Venn diagram for orthologs detected against GenBank database using AdpA queries from three Streptomyces species shown on the figure. BLAST searches were carried out against GenBank for all proteins of 323 species using BLOSUM62 matrices at default E value cut-off

As mentioned above, AdpA consists of ThiJ/PfpI/DJ-1-like (also known as GATase-1) dimerization domain and an AraC/XylS-type DNA-binding domain at its N- and C-termini, respectively (Ohnishi et al. 2005). Searching across the Actinobacteria class, we discovered that certain species have no full-length AdpA RBHs. Rather, orthology was revealed between the query and proteins featuring either single AraC or GATase-1 domains. This prompted us to analyze a more extensive set of actinobacterial genomes in order to study a diversity of domain organization of AdpA regulators within the class. As a source of genomes we used the PATRIC database (Wattam et al. 2014) and the full-length AdpAcl, GATase-1cl, or AraCcl domains of AdpAcl as the queries. Our updated search yielded 1394 unique RBHs, which spanned 17 orders of class Actinobacteria class (Fig. 2). With respect to available genome sequences, streptomycetes constitute the most deeply covered single genus within the phylum Actinobacteria, with the largest (390) set of probable AdpA orthologs (Fig. 2).

Fig. 2
figure 2

The unrooted tree of Actinobacteria and Cyanobacteria phyla reconstructed using PhyloPhlAn phylogenetic pipeline.
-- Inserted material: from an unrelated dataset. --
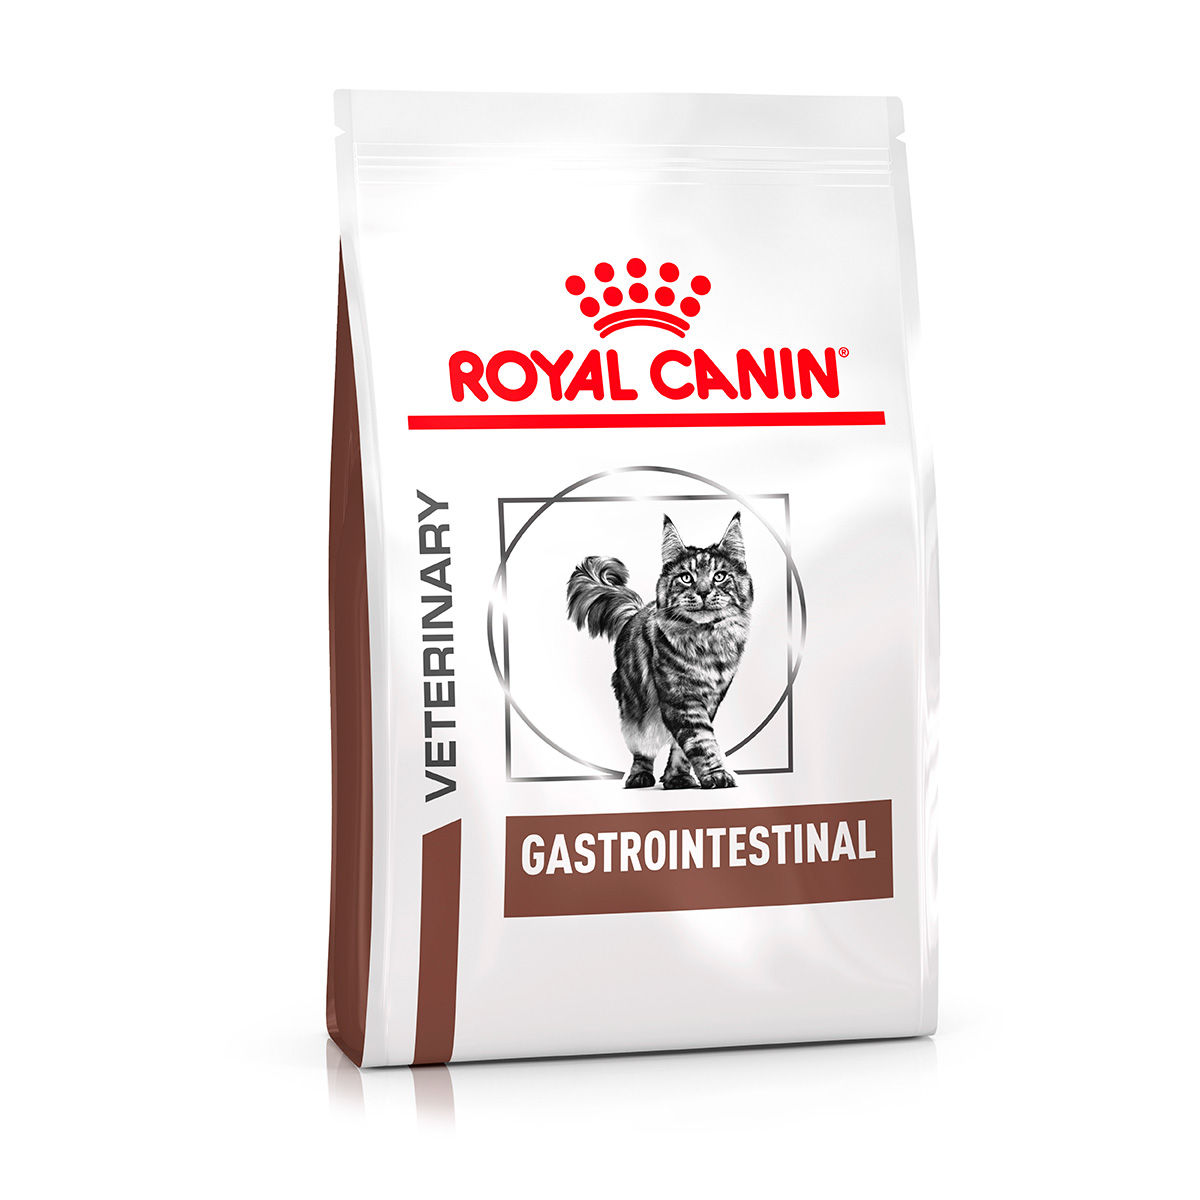 ROYAL CANIN® Veterinary GASTROINTESTINAL Trockenfutter für Katzen 2kg

Collapsed clades (at the level of orders) are color-highlighted and labeled with the order name. The latter is followed by round brackets showing two numbers: first one is for quantity of retrieved AdpA orthologs, and second one—number of genomes where no AdpAcl ortholog was found. The types of domain organization of AdpA orthologs are shown next to corresponding orders. Pink rectangular denotes GATse domain; violet hexagon—AraC HTH domain; light pink rectangular—truncated GATse domain; blue octagon—arabinose-binding domain of AraC transcription regulator; gray oval—domain of unknown function. (Color figure online)

In terms of domain organization, the most diverse AdpA RBHs were revealed in orders Corynebacteriales, Bifidobacteriales, and Micrococcales (Fig. 2). For example, in Corynebacteriales, the 3-Mbp genome of Corynebacterium freneyi DNF00450 carries one gene HMPREF1650_RS07820-encoding ThiJ/PfpI protein orthologous to AdpAcl/GATase-1cl, and no genes for AraC family regulators. Corynebacterium humireducens NBRC 106098 (2.68 Mbp) encodes only three AraC-family transcriptional regulators (one of them—AdpA RBH) and no GATase-1 proteins. Other orders usually possessed AdpA RBHs having typical two-domain architecture. Our results suggest that adpA could originate from the gene fusion. Indeed, pairs of adjacent genes encoding ThiJ- and AraC domain-containing proteins are found in numerous bacterial genomes. Particularly, such gene pairs (paralogous to adpA) were found in S. coelicolor (SCO6746/6747), S. griseus (SGR_981/982), Saccharopolyspora erythraea (SACE_6420/SACE_6421, SACE_4268/4269), Actinosynnema mirum (Amir_4315/4316), Salinispora arenicola (Sare_0089/0090), Kribbella flavida (Kfla_5799/Kfla_5798), and even in chloroflexi bacterium Herpetosiphon aurantiacus (Haur_2399/Haur_2400).

Streptomycete adpA genes fell into several groups with regard to the position of TTA codon (Fig. 3). The absolute majority had TTA codon in the ‘classical’ position, as it is in S. griseus adpA gene, between GATase-1 and HTH domains. In a few adpA orthologs TTA codon was found within the GATase-1 domain, closer to the start of the gene; in S. sp. HmicA12 TTA was near the beginning of AraC domain; and in S. neyagawaensis TTA codon was located close to the stop codon of adpA. Finally, we identified adpA genes (from S. sp. C, S. sp. Mg1, S. sp. ScaeMP-e10, and S. lysosuperificus ATCC 31396) that have no TTA at all.

Fig. 3
figure 3

Amino acid alignment of streptomycetes AdpA proteins from S. griseus, S. somaliensis, S. sp. HmicA12, S. lysosuperificus, and S. neyagawaensis showing the position of the TTA codon-encoded leucine amino acid (yellow box) along with the position of the HTH motifs (box) of DNA-binding domain. Conserved (asterisk) and homologous (colon) amino acids are marked underneath. (Color figure online)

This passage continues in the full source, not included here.